Se separan. Se echan ligeramente hacia atrás, hacia sus respectivas paredes,
como si de dos luchadores de boxeo se tratase que se quieren medir en la
distancia porque ha aparecido en ellos una suerte de miedo a recibir un golpe
para el que no están preparados. Al momento se acercan, sus manos se rozan en
la repentina proximidad, pero ninguno las retira. Las vuelven y las palmas se
tocan, se agarran, entrelazan sus dedos, suavemente al principio, pero con
fuerza al instante. Se aprietan. Ella se desembaraza del agarre y cuelga sus
brazos de la cintura de él. Lo atrae para sí. Él responde dejándose llevar y
sus cuerpos se tientan. Él es más alto, la cabeza de ella encaja entre su clavícula
y cuello. Se abrazan. Es un abrazo pasional. Los brazos de él la rodean. Ella
interpone sus antebrazos y codos apoyándolos en el pecho de él, dejándose
envolver por su cuerpo. Necesita sentirse pequeña. Sus bocas comienzan a
buscarse. Con recato al principio. Besando cuellos y mejillas, pero el calor
les apremia y las lenguas se refrescan en un contacto ajustado por los labios
que se urden como si de un perfecto telar se tratase. El beso es decoroso, pero
solo porque aún desconocen sus sabores. Al momento se retuercen los cuellos y se
enredan en un nudo del que no podrán escapar. Sus cuerpos se estrujan. No
pueden estar más cerca, o tal vez sí, pero no es aún el momento. Las palmas de
las manos de él asen las caderas de ella. Las palmas de ella rodean el cuello
de él sin tocarle con los dedos. Las bocas no se separan, pero sus cuerpos sí y
ahora es el turno de las manos de ambos que comienzan a hacer su labor: desvisten,
quitan, arrancan; es el menos placentero de los trabajos, pero necesario en
cualquier caso, al otro pronto se llegará. Comienzan a sentirse las pieles
calientes. El suelo se llena de ropa, abrigos, jerséis, camisetas, camisas,
chaquetas, solo lo más externo, solo las partes superiores, a excepción de los
zapatos que también aparecen distraídamente colocados por el suelo. Ellos
conservan milagrosamente la verticalidad tras los acrobáticos equilibrios que
les exige hacer la búsqueda de su desnudez sin separarse. No hay tiempo para
contemplaciones. La falda se sube y el pantalón se baja. Él acaricia las
piernas de ella con ternura, suavemente, desde las rodillas y ascendiendo al
compás de las medias hasta llegar a las ligas con el envés de la mano. Se sorprende
y juguetea durante un instante con los, para él, desconocidos objetos, hasta
recuperar el camino iniciado y sentir el profundo calor de ella.

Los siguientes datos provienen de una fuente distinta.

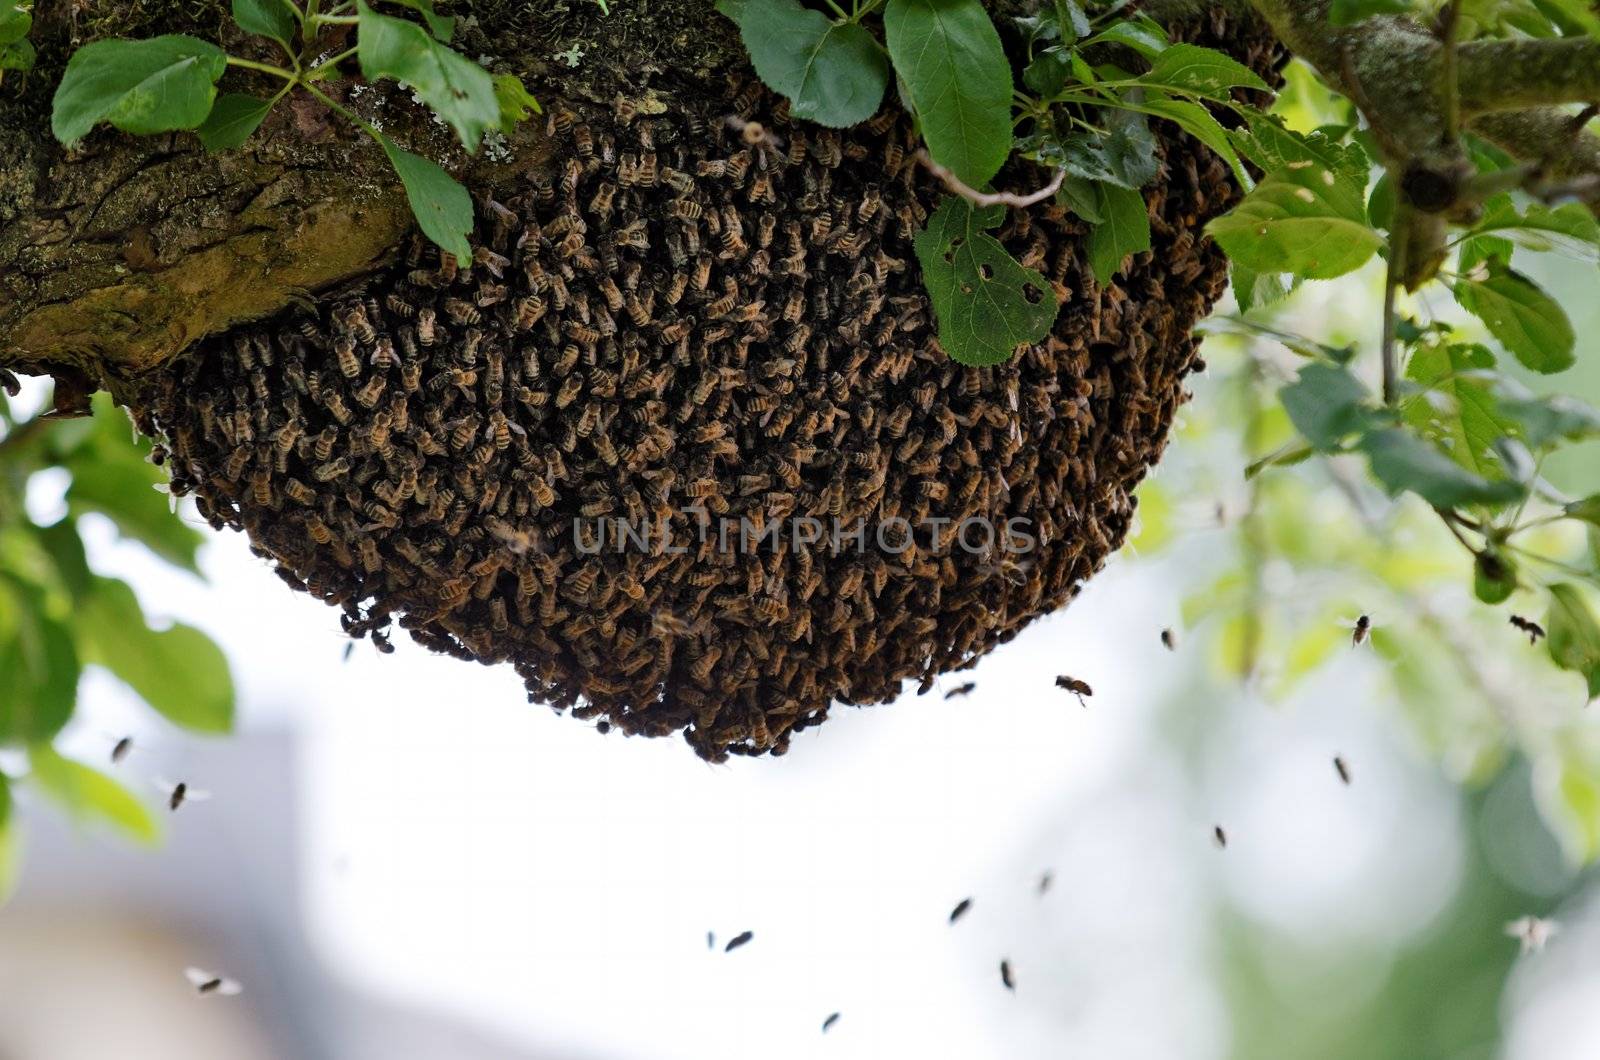 a swarm of bees in a tree

Ella toma la
cintura de él y arrastra las manos hacia abajo sin perderse un centímetro de
piel hasta toparse con la fuerza de su ser. Manos sabias las de ambos, pero
inexpertas entre ellos. Se dirigen torpemente el uno al otro hasta facilitar el
encuentro con el que se arrancan gemidos de las entrañas de ambos. Los de él
ahogados, los de ella vívidos. Él la agarra de las muñecas y la empuja contra
la pared con firmeza, pero con sumo cuidado. Ella se deja hacer. Él le sube las
manos hasta colocarlas a la altura de su cabeza y las besa sin dejar de
arremeter contra ella, que le recibe una y otra vez. El ardor se apodera de
ambos y el sudor baña sus torsos. Él se separa, la gira, la acaricia, la busca.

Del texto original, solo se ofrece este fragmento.